Dataset records:
···
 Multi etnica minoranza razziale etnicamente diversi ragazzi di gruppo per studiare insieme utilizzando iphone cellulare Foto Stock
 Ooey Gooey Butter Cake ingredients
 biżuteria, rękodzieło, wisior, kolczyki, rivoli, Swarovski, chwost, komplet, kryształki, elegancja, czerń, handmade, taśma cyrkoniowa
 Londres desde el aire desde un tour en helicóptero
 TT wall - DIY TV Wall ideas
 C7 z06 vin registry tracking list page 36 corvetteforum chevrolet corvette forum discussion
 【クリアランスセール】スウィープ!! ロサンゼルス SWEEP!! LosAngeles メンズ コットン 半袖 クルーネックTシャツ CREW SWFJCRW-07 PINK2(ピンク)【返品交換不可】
···
• EXERCISE GOAL:
All lines from the line holding "TT wall - DIY TV Wall ideas" through the end of the records above need to be transcribed exactly, and no other text should appear.

• ANSWER TO THE EXERCISE:
 TT wall - DIY TV Wall ideas
 C7 z06 vin registry tracking list page 36 corvetteforum chevrolet corvette forum discussion
 【クリアランスセール】スウィープ!! ロサンゼルス SWEEP!! LosAngeles メンズ コットン 半袖 クルーネックTシャツ CREW SWFJCRW-07 PINK2(ピンク)【返品交換不可】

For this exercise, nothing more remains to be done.